As a good architecture, it is necessary to balance security and performance. If the balance is tilted too much towards either side, the final user experience will be affected. Therefore, in order to balance security and performance, Suning's full-site HTTPS transformation began at the end of 2015 and lasted for more than a year. The main work was system HTTPS transformation, HTTPS performance optimization, and HTTPS grayscale launch. It has become possible for users to get the ultimate experience when accessing under HTTPS.

Overview of the full-site HTTPS solution

Suning.com started planning to do things related to HTTPS in 2015. At that time, there was very little information to refer to, and detailed cases of HTTPS transformation related to e-commerce websites were even harder to find.

The following figure shows the HTTPS solution for Suning.com's entire website:

As shown in the figure, the entire solution is built in three steps, namely system transformation, performance optimization and grayscale launch :

  • System transformation. If the original system wants to support HTTPS, it must be transformed. First, the HTTPS access layer must be established, that is, port 443 must be opened to allow all application systems to support HTTPS access. On this basis, page resource replacement is performed to solve the problem that errors will occur when an HTTPS page has an HTTP request. After doing these two things, problems such as certificate processing on CDN and HTTPS testing solutions are also solved.
  • Performance optimization. When modifying the system and adding two TLS handshakes, it will inevitably cause certain overhead and loss in performance. How to make up for the loss of performance and achieve a balance between performance and security? The performance optimization part includes several optimization points, which will be elaborated in detail below.
  • Grayscale launch. This part takes the most time. In the process of HTTPS launch, there are many pitfalls, some of which are problems that were not discovered before. This proves that the entire site, all regions, and all users cannot be rolled out to HTTPS at once. Grayscale launch can be done according to the operator, city, and user level of the traffic.

HTTPS solution: system transformation

HTTPS access layer definition

The first priority of system transformation is to open port 443. A mature network system will include CDN, hardware load balancing, application firewall, Web server, application server, and finally the data layer. Does the entire link need to be HTTPS? Does it increase the SSL handshake consumption at each layer? The answer is no.

Therefore, the SSL handshake should be completed as early as possible.
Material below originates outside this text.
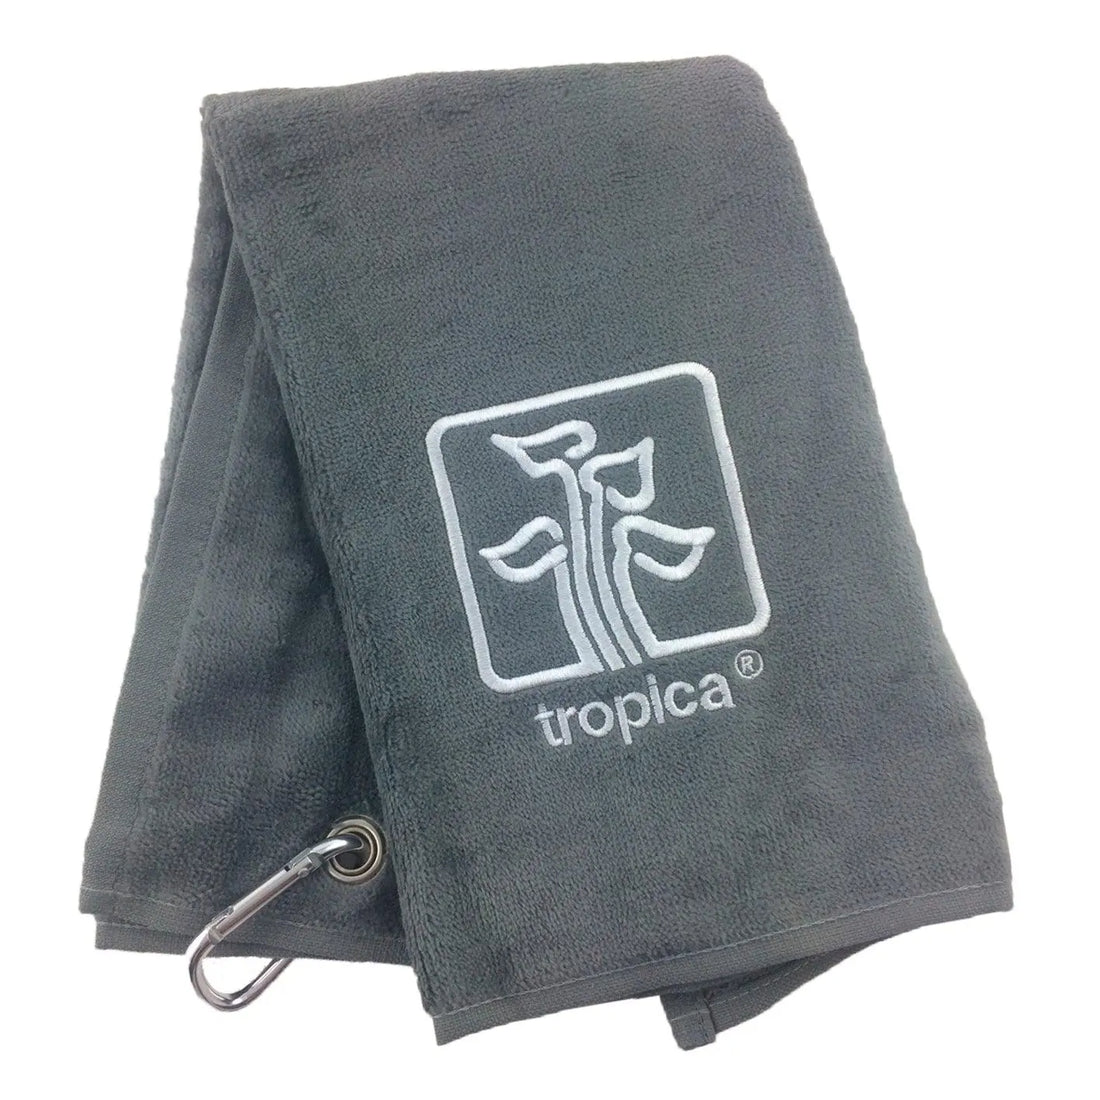 Tropica Towel with Belt Clip - Aqua Essentials
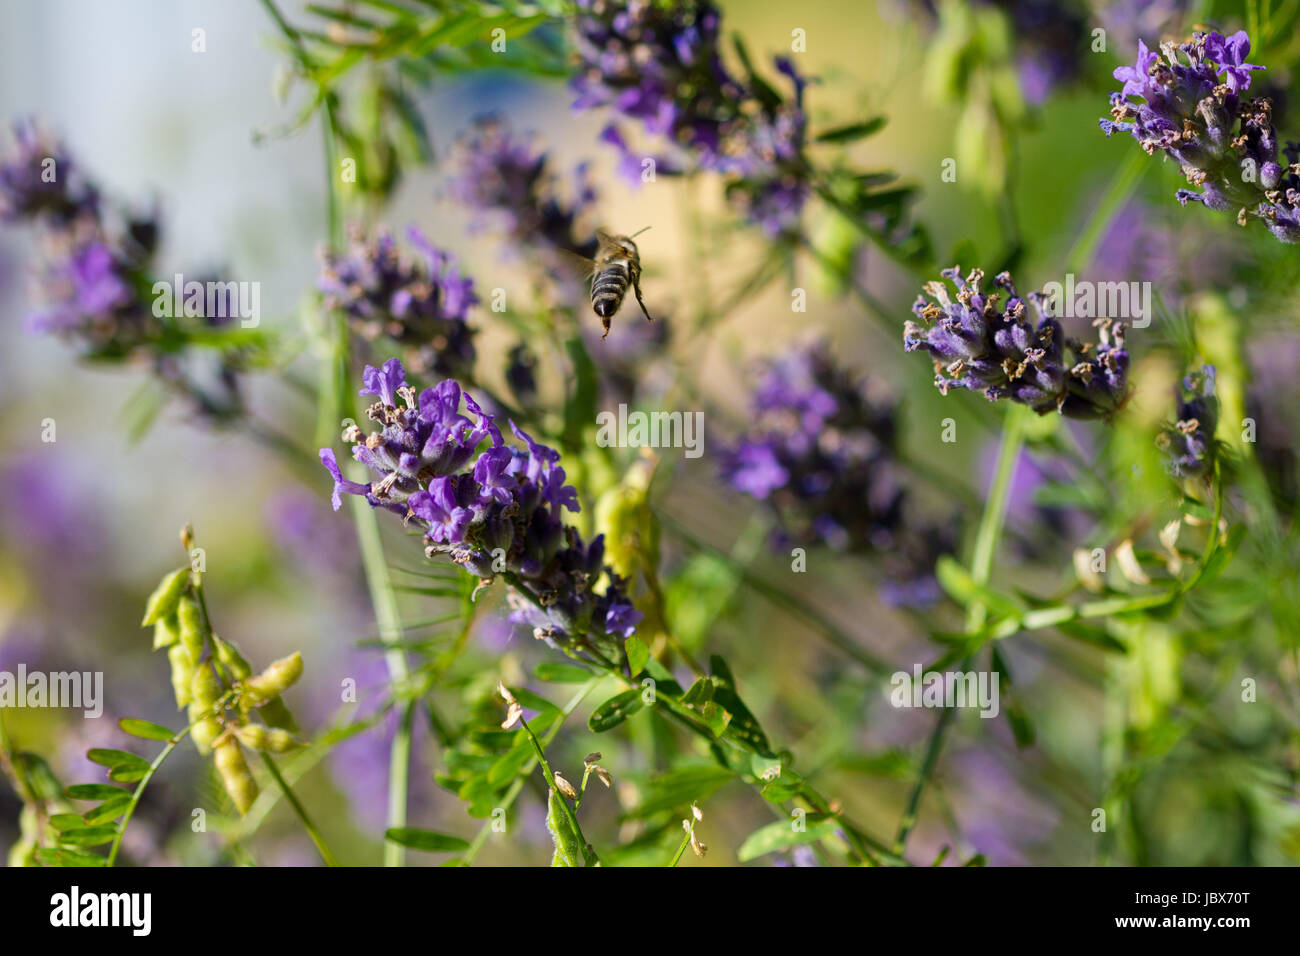 Das Bild zeigt eine Biene, die zwischen Lavendel fliegt. Stock Photo

The first thing to consider during the SSL process is the positioning of the HTTPS access layer.

As shown in the figure below, this is the location of the HTTPS access layer in Suning.com's architecture

As shown in the figure, we put the HTTPS access layer between the CDN and the application system, and adopt a four-layer + seven-layer load balancing architecture. The four-layer load does not handle HTTPS offloading, and its main responsibility is to distribute TCP. The entire SSL handshake is completed at the seven-layer load, and the application system uses port 80 afterwards, which is equivalent to completing the entire HTTPS offloading process.

The advantage of doing this is that, on the one hand, the system application layer does not need to make any adjustments for HTTPS; on the other hand, all future HTTPS scheduling, optimization and configuration can be completed at the access layer.

Page resource replacement

Step 1: Understand Mixed Content

For a page, the request for the page is loaded using HTTPS. Once the internal page elements have HTTP properties, an error will appear in the RFC standard, called Mixed Content. Therefore, if you want to load a secure HTTPS page, you should not confuse HTTP requests in it.

Step 2: Replace http:// with //

Replace http:// with // so that all elements of the page can adapt to follow the original request.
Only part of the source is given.